Material provided:
........

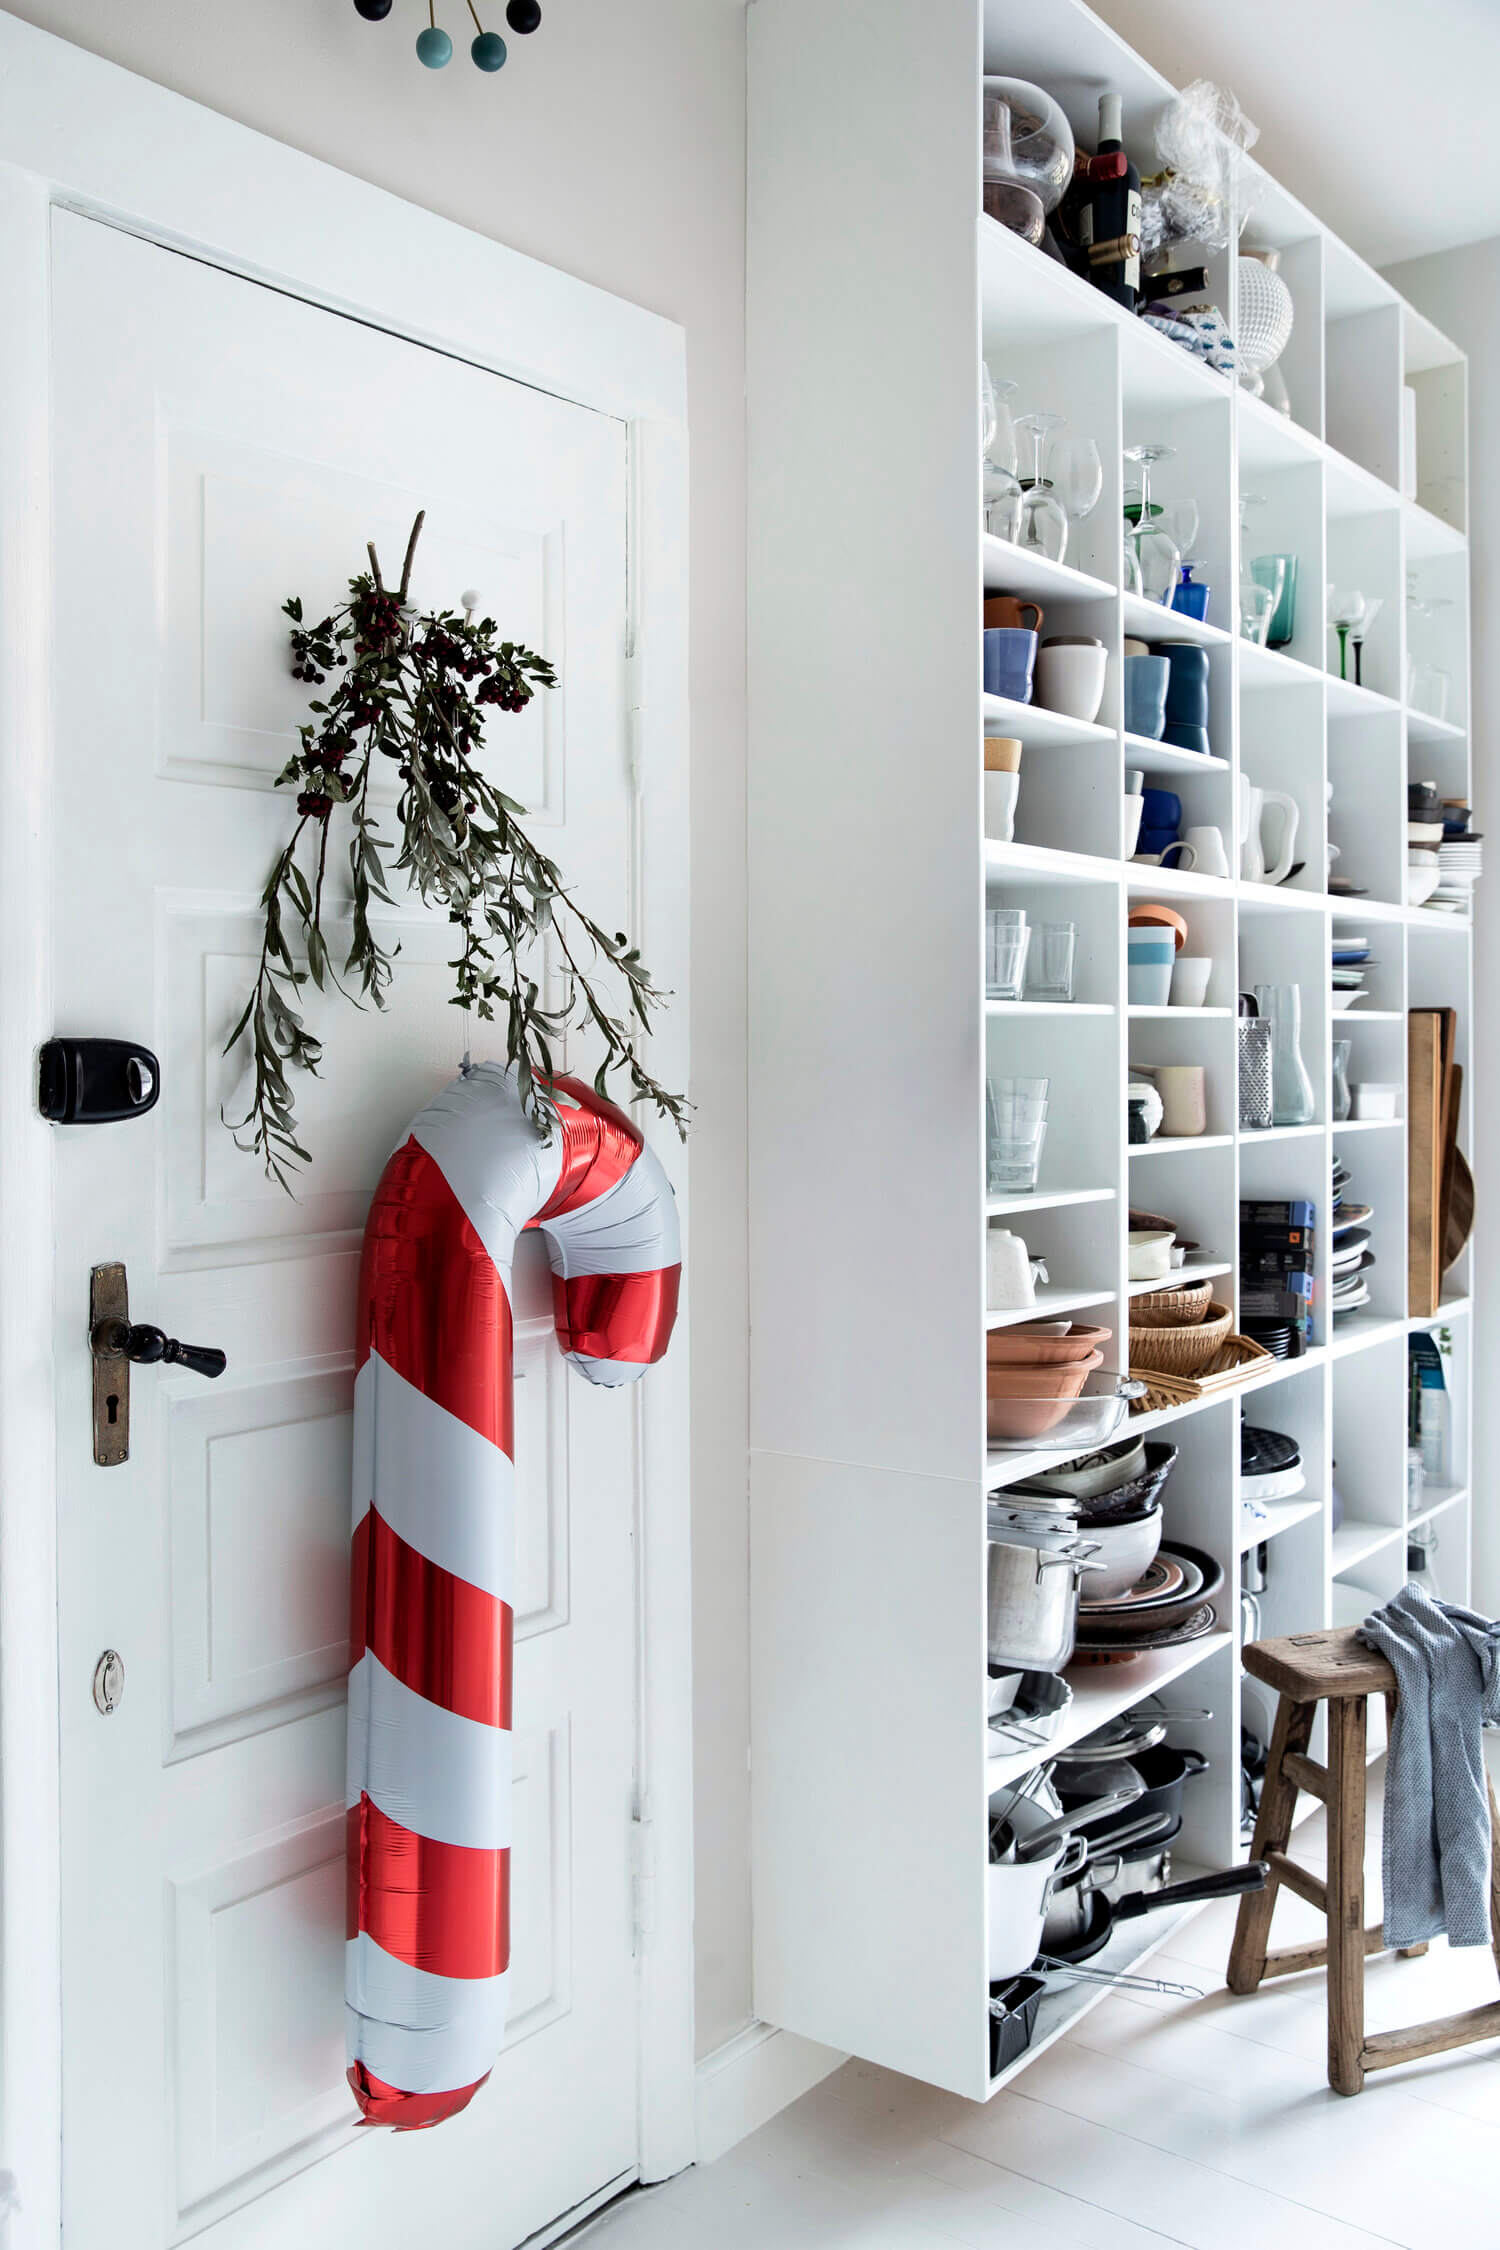 art filled danish home christmas decor nordroom14 An Art-Filled Danish Home Decorated For Christmas
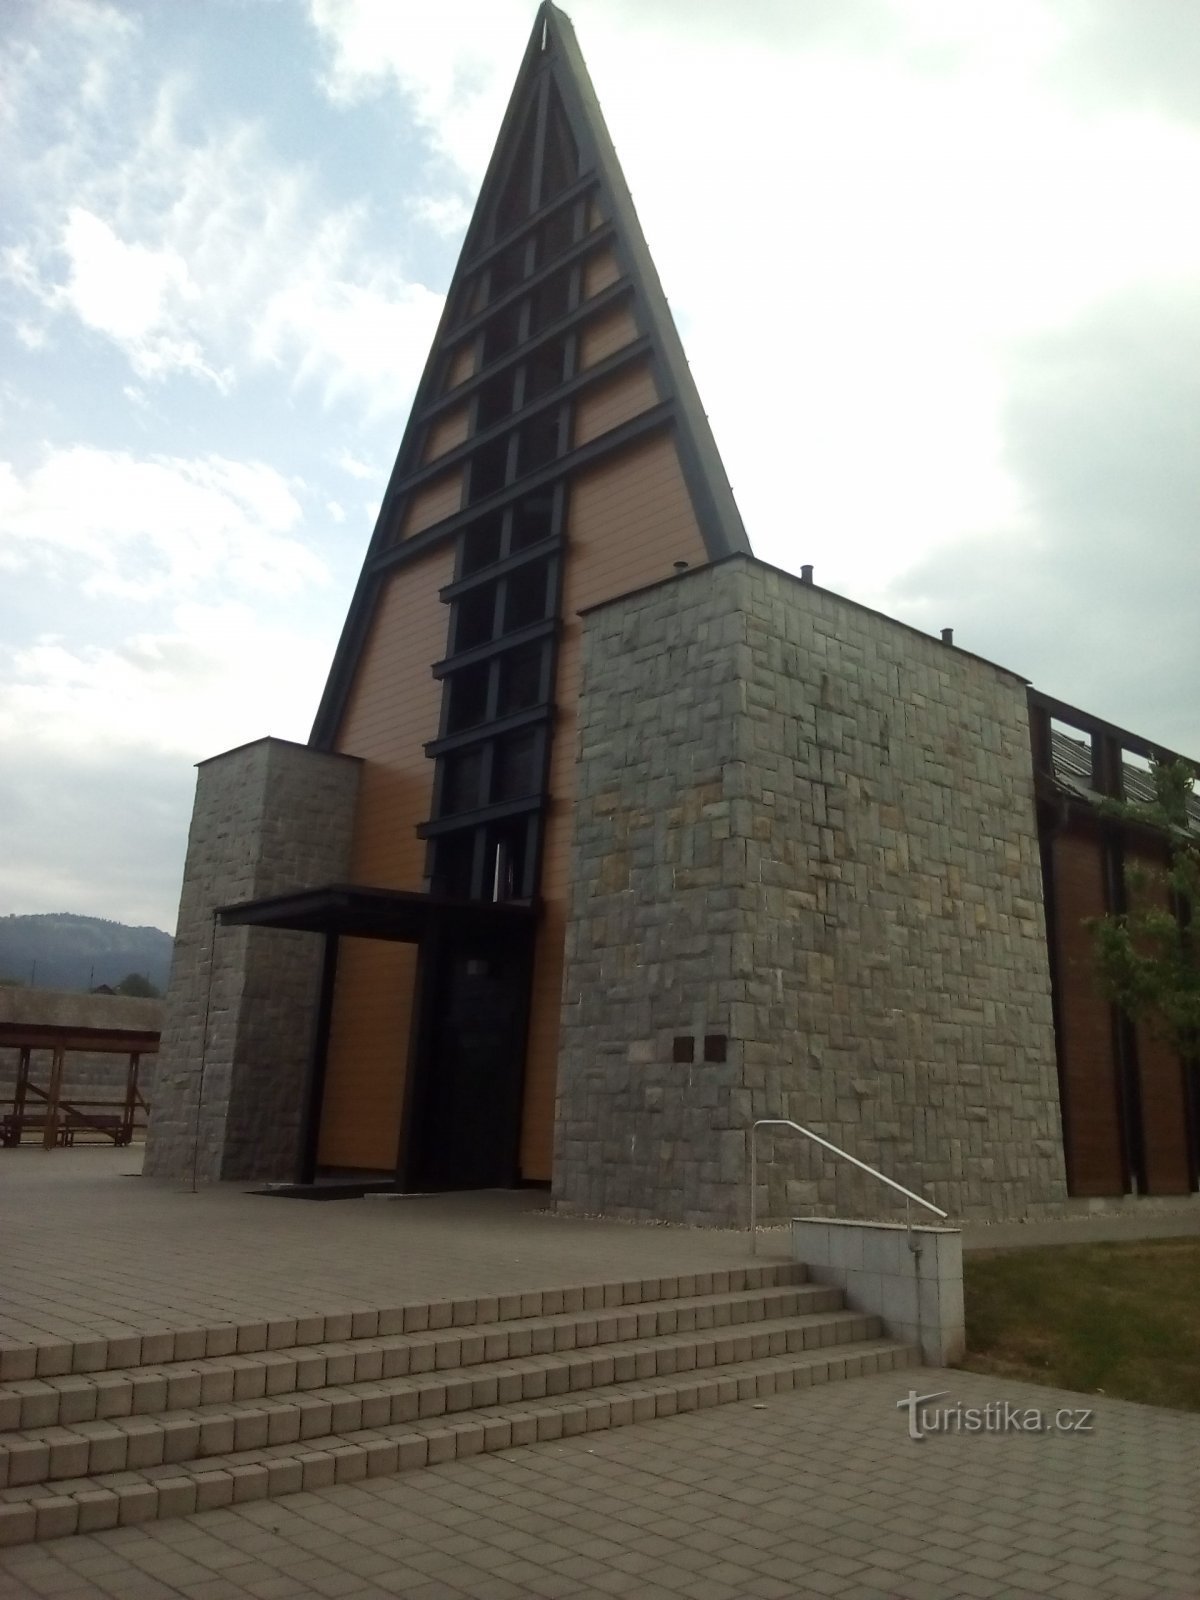 SCEAV-kyrkan i Písek
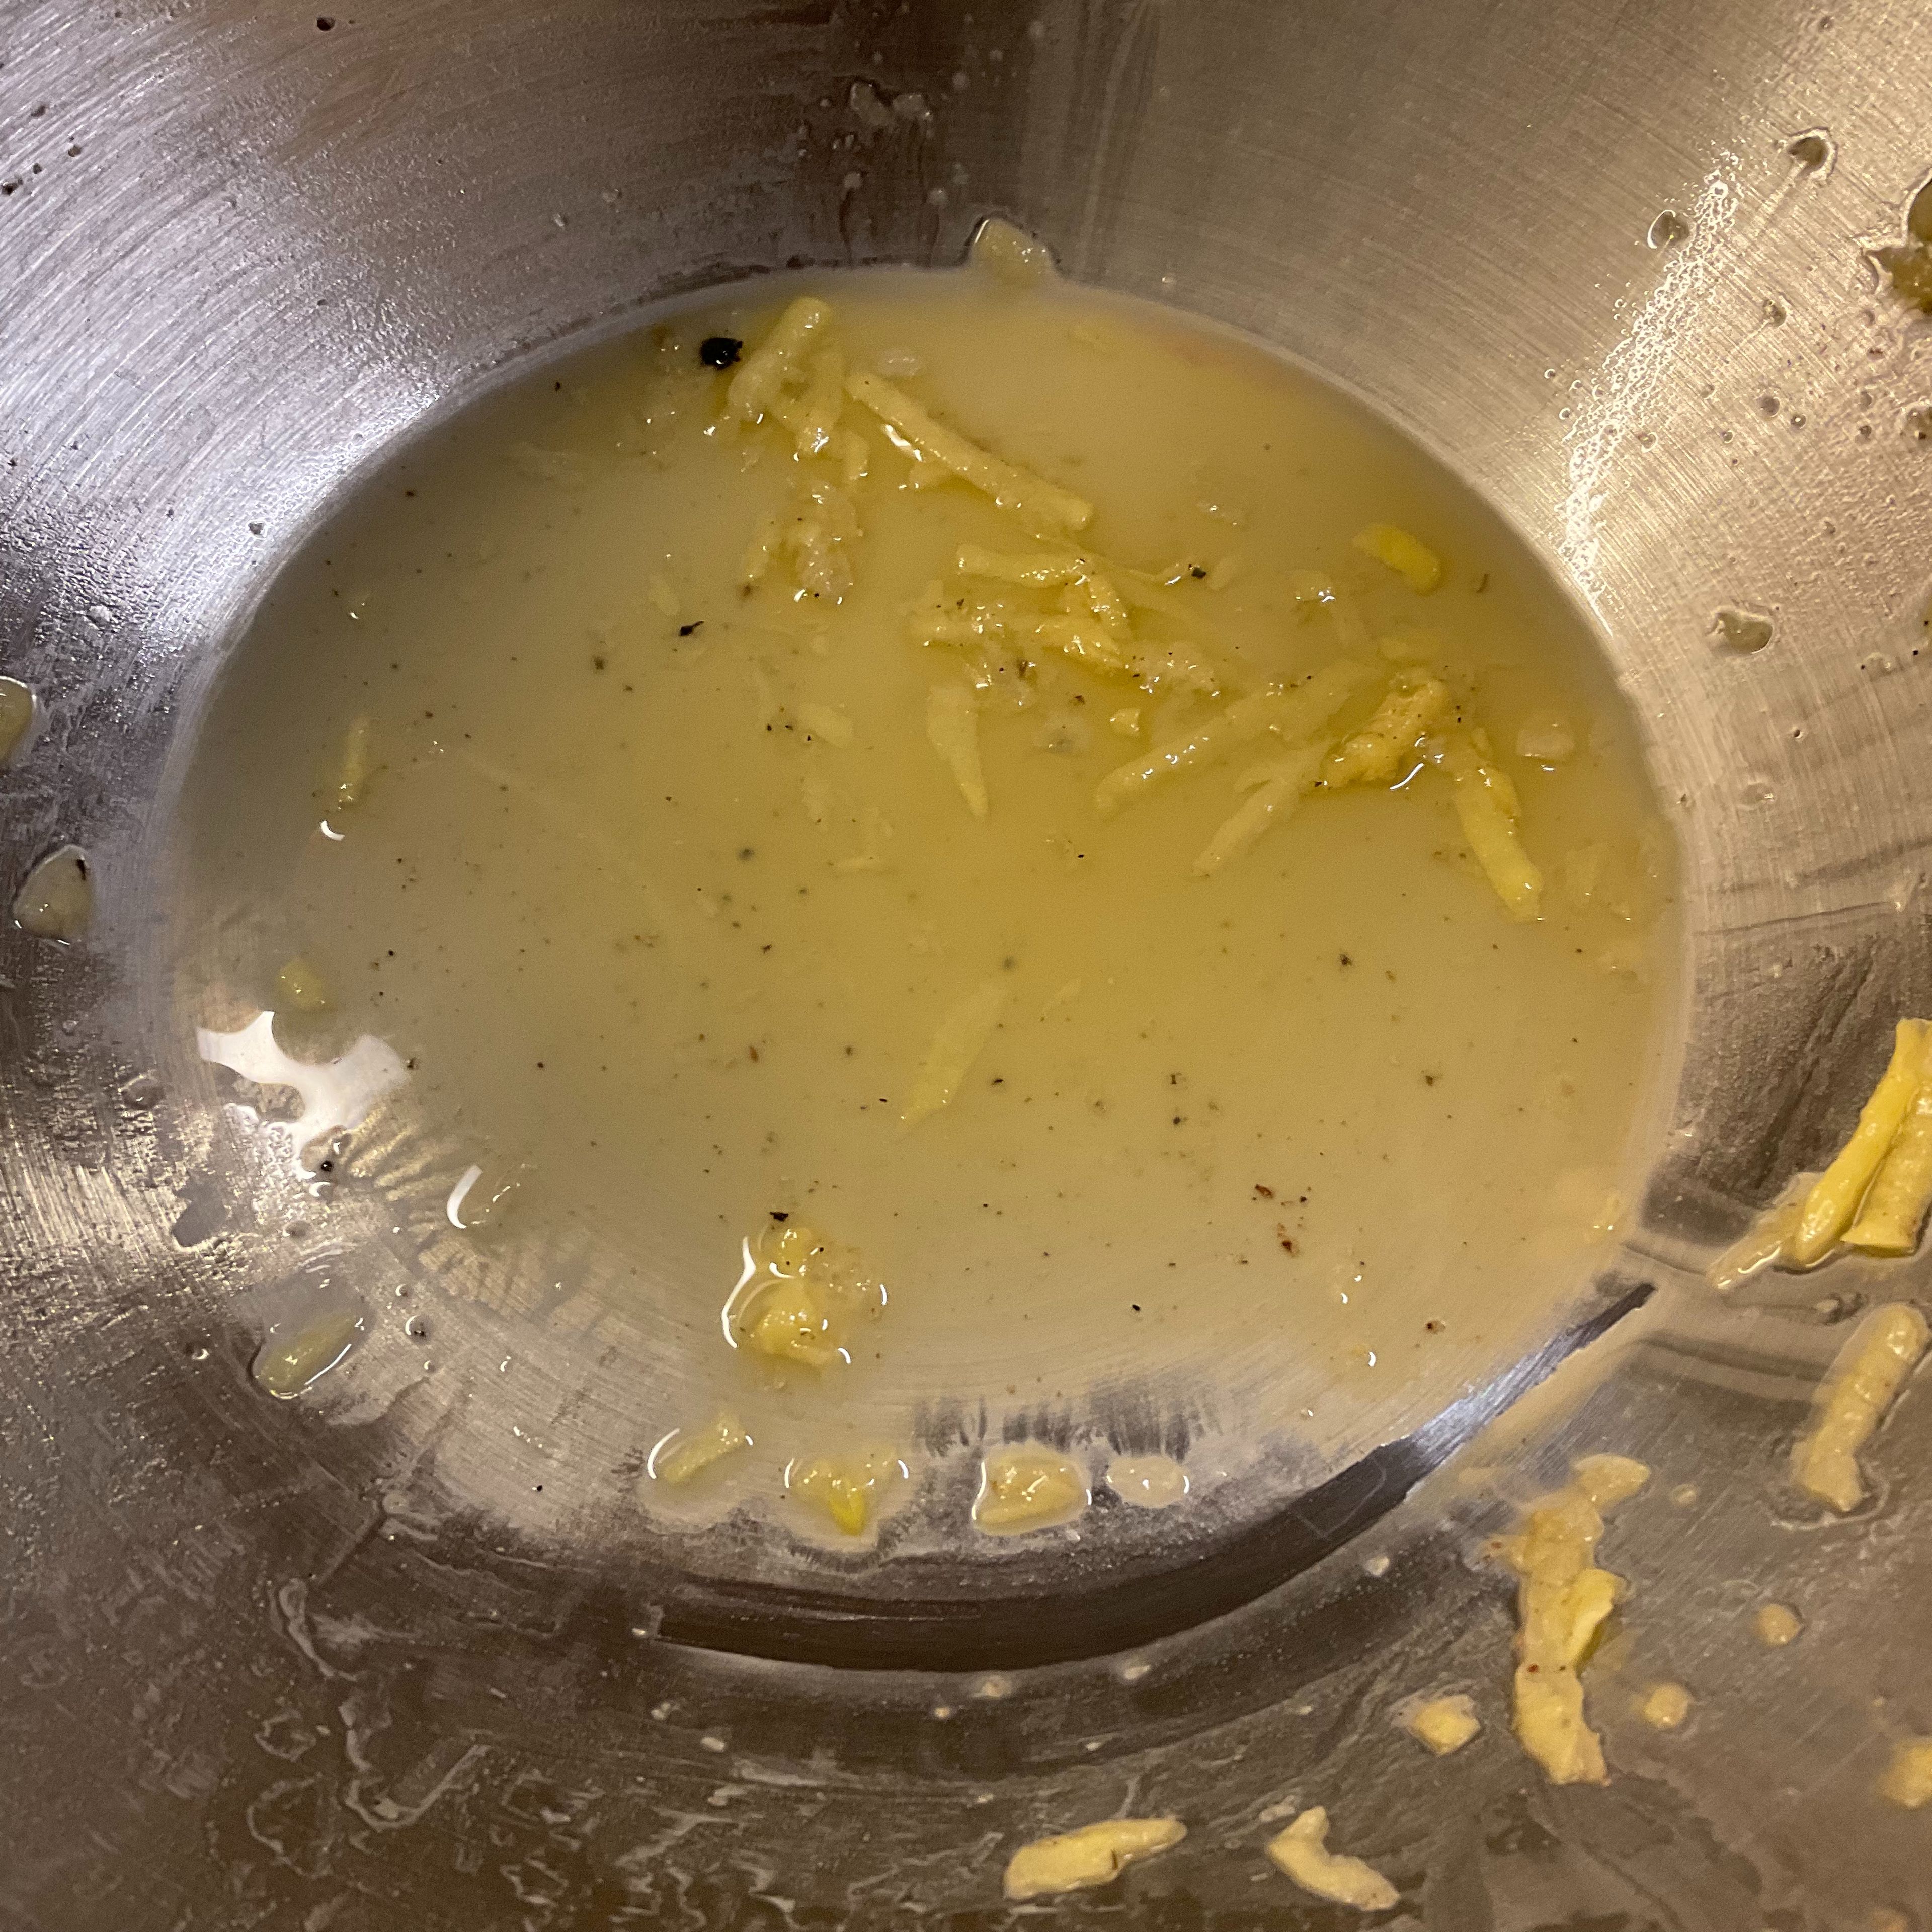 Auch wenn die Kartoffeln gut ausgedrückt wurden, die geriebenen und gewürzten Kartoffeln wässern trotzdem weiter. Wenns zuviel wird kann man die Flüssigkeit vorsichtig abgießen, aber Vorsicht a bisserl was immer drin lassen, denn Ihr beseitigt damit auch die Stärke, die mit dem Ei den Reiberdatschi zusammenhält. Also die Hälfte ruhig abschütten, den Rest aber immer wieder einrühren.

........

What is being asked: Could you reproduce the listing above word for word while leaving out its pictures?

Solution to the exercise:
 art filled danish home christmas decor nordroom14 An Art-Filled Danish Home Decorated For Christmas
 SCEAV-kyrkan i Písek
 Auch wenn die Kartoffeln gut ausgedrückt wurden, die geriebenen und gewürzten Kartoffeln wässern trotzdem weiter. Wenns zuviel wird kann man die Flüssigkeit vorsichtig abgießen, aber Vorsicht a bisserl was immer drin lassen, denn Ihr beseitigt damit auch die Stärke, die mit dem Ei den Reiberdatschi zusammenhält. Also die Hälfte ruhig abschütten, den Rest aber immer wieder einrühren.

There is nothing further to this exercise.